_RECORDED DATA_.
-- Opening Marker --

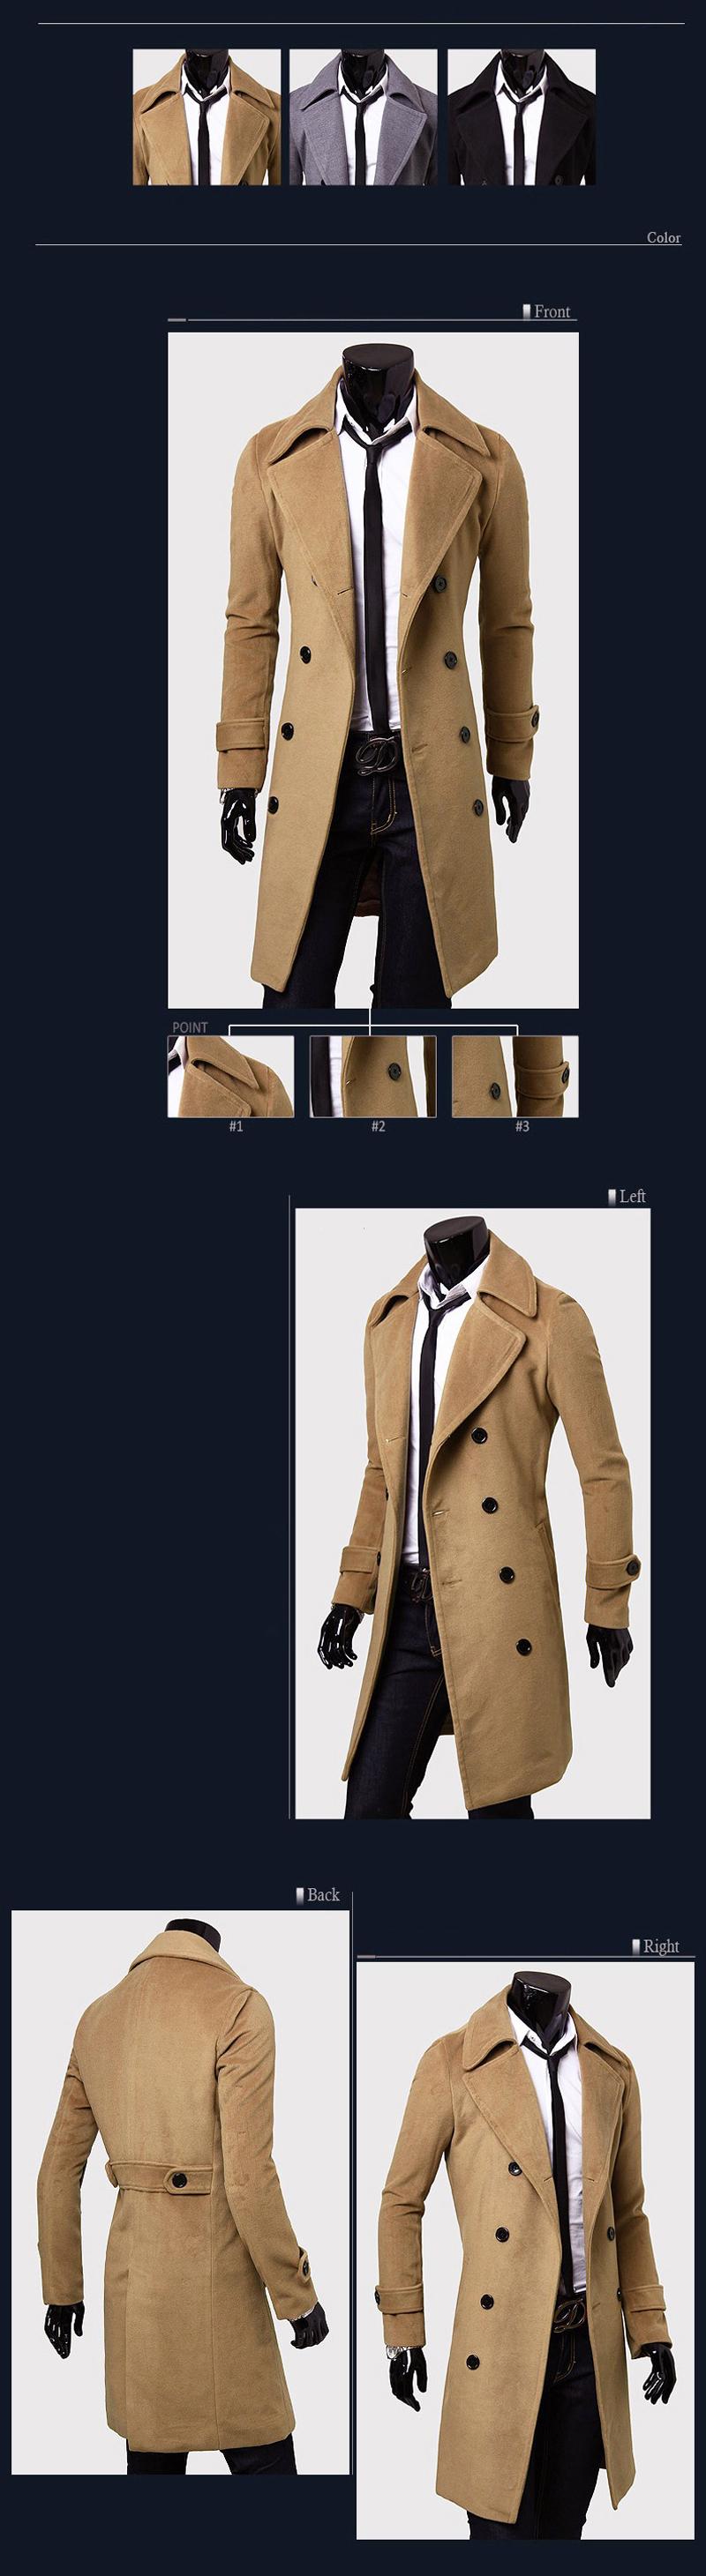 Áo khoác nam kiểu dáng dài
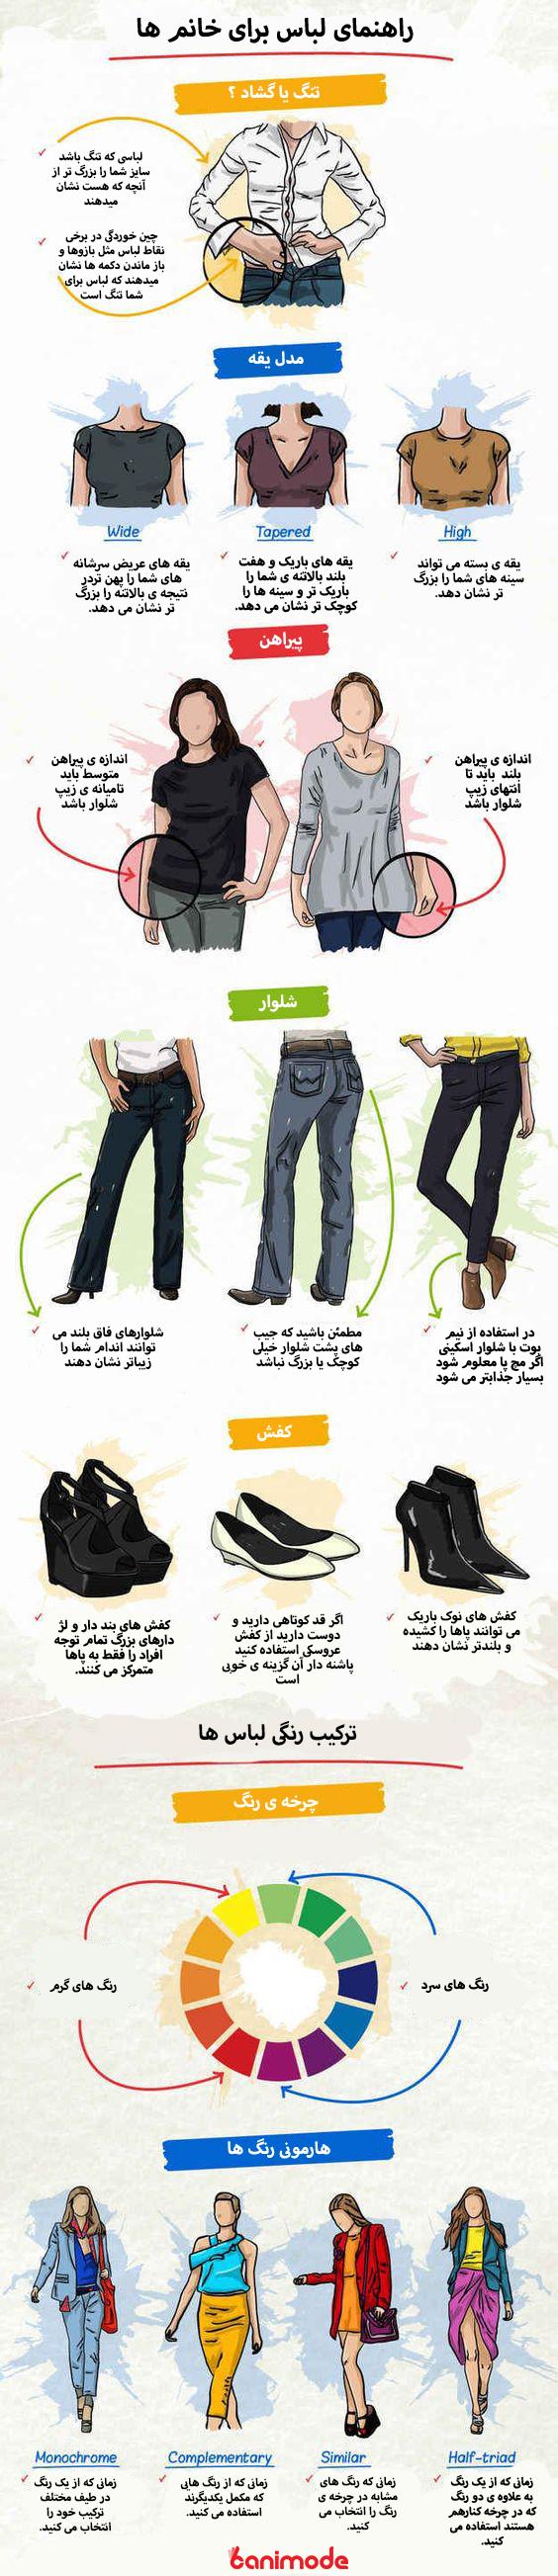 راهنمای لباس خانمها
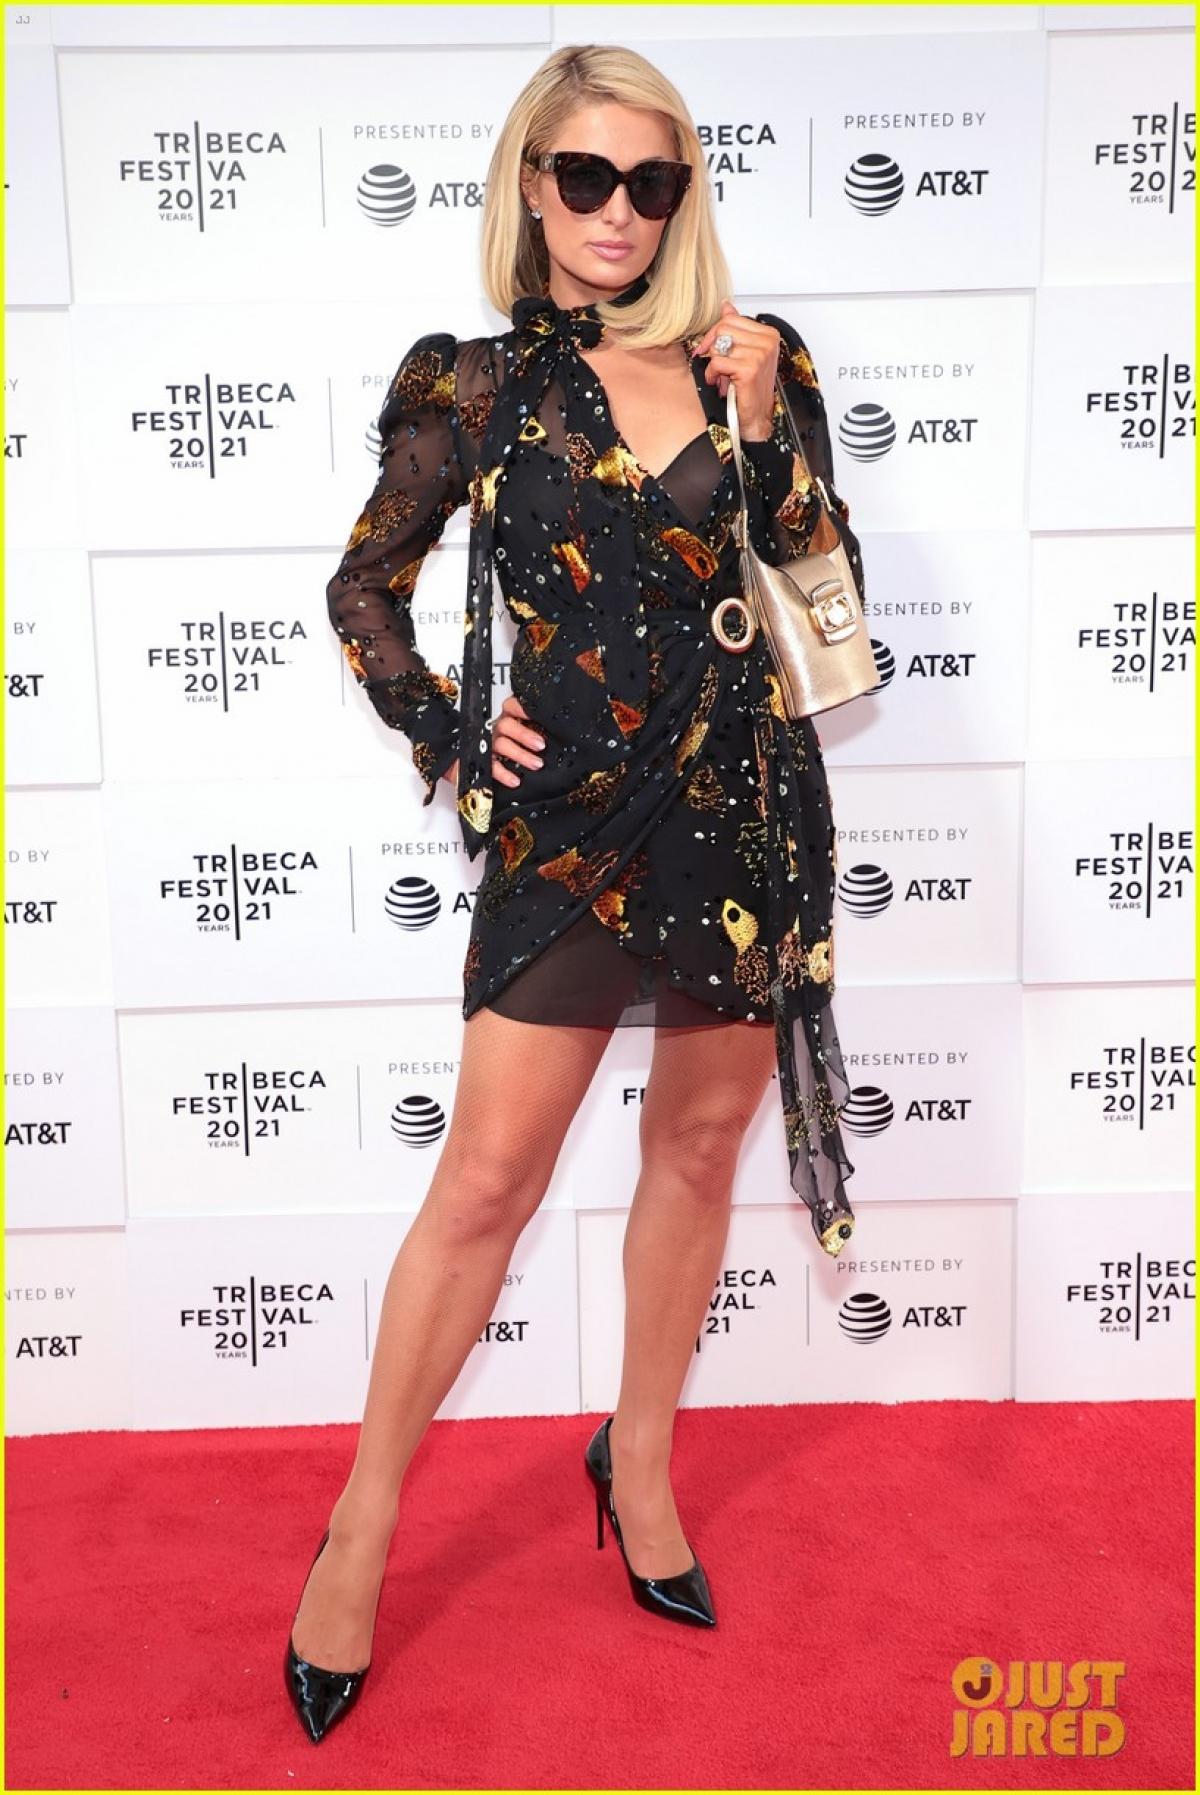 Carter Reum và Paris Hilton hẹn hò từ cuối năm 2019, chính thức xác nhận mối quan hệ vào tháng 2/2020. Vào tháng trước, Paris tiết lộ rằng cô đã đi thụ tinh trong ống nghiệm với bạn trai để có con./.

-- Closing Marker --

_WHAT IS BEING ASKED_. In the copy, include no pictures, but repeat the listing exactly.

_ANSWER FOR THE TASK_.
 Áo khoác nam kiểu dáng dài
 راهنمای لباس خانمها
 Carter Reum và Paris Hilton hẹn hò từ cuối năm 2019, chính thức xác nhận mối quan hệ vào tháng 2/2020. Vào tháng trước, Paris tiết lộ rằng cô đã đi thụ tinh trong ống nghiệm với bạn trai để có con./.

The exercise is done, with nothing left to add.